This is an important point and something we’ve discussed in relation to the sheer amount of content coming out.
Another analysis I saw showed that while comics sales at the top end had barely moved, the book at number 300 in the charts had continued to rise. I can’t find the numbers now but I recall it was a 600% sales increase in 10 years on the average number of copies sold.
That’s not great for the retailers because they have to guess the demand for each one. Having a steady 20 big sellers every month from Marvel and DC can form the backbone of that.
Just getting caught up on Action Comics and i’ve found this Revenge arc to be a bit of a bore, but the last issue had an interesting development with the return of Ursa and Lor-Zod.
I’m guessing this won’t be the same Lor/Chris that stayed with Clark and Lois pre-flashpoint, but it’s cool to see him back. And surely it’s only a matter of time until he shows up in Super Sons to mess with Jon and Damien. A lot of fun story potential there.
I have the same questions and thoughts about that one.
New Gods Special #1 was a really pleasant surprise.
I wasn’t expecting much out of Shane Davis but in doing a simple one-shot to showcase Orion he did a splendid job.
He gets all of the basics in and portrays them in a very entertaining manner.
The art is a bit wonky, but that’s the only complaint from me.
I know someone else read it, Robert maybe, I just got to it last night…how good was Batman/Elmer Fudd?
I thought that was a really clever take, putting a bit of a Sin City/Ed Brubaker’s Criminal universe style, hard boiled noir spin on the Looney Toons characters…and also pulling it off…Tom King is living up to all the hype, continually. Really creative and dialogue for Elmer was perfect, not to mention some of the other character with some superb touches;
My name is Elmer Fudd
And we’re hunting wabbits
Lee Weeks art here again makes me wonder why he’s not being showcased on a top title somewhere - the man’s an artistic genius. This was a brilliant piece of work.

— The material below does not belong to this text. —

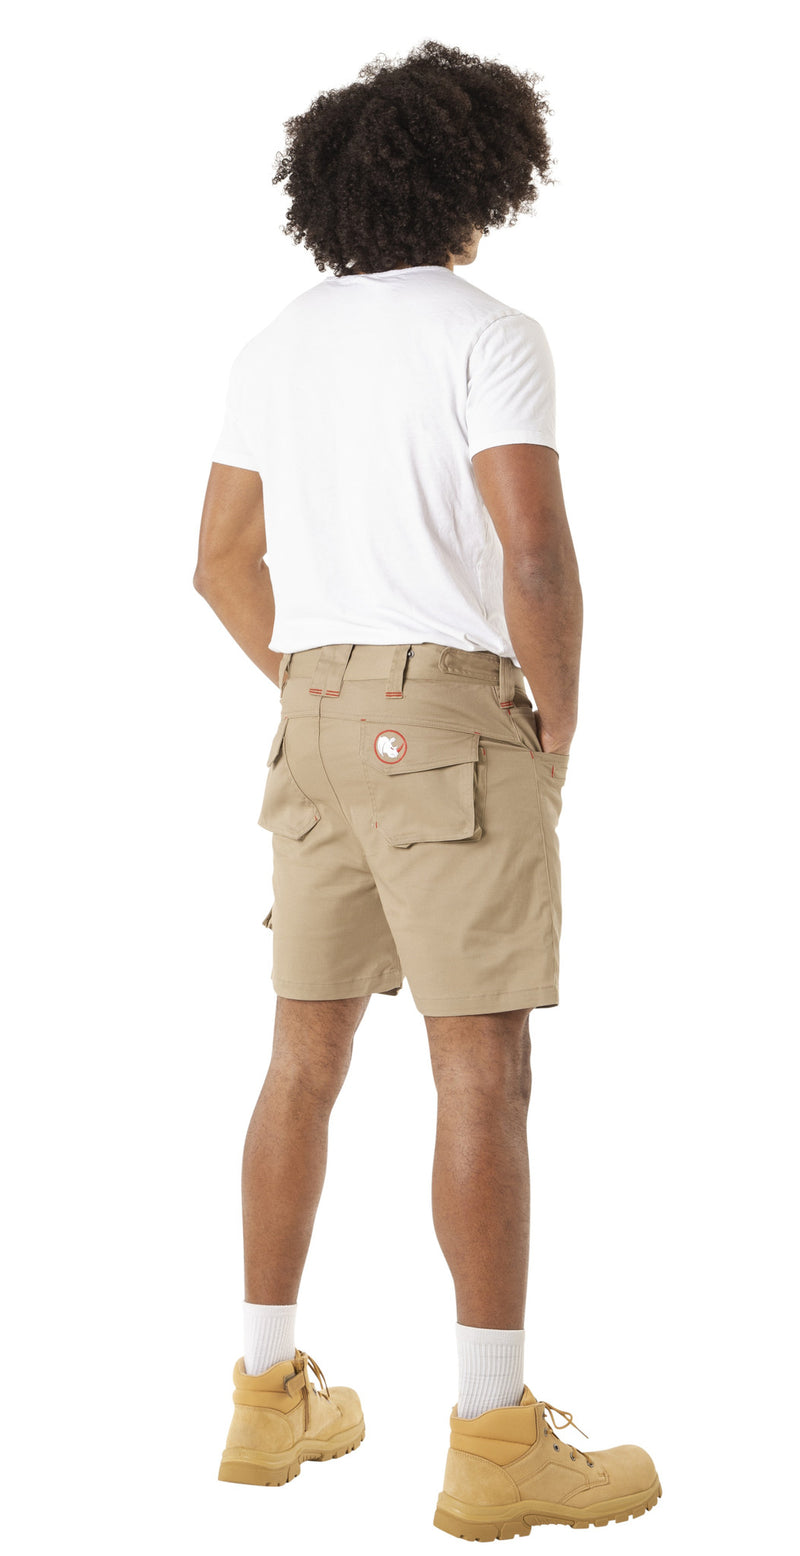 Mens Work Shorts Flexible Durable Tough - Beige Khaki [ SIZE 34]

I’d actually like this in hardcover format. It will be a really thin volume, but they could make it oversize to showcase the art. I’d like to have it on my crime shelves along with the types of book I’ve mentioned above.
The lack of widespread buzz on this is another indicator that there’s far too many books out there. The real genius stuff is slipping under the radar with the weight of books on the market.
Too many publishers, too many books, too many writers and artists.
If there is a bit of a rough spell there could be some good come of it, the industry needs to contract.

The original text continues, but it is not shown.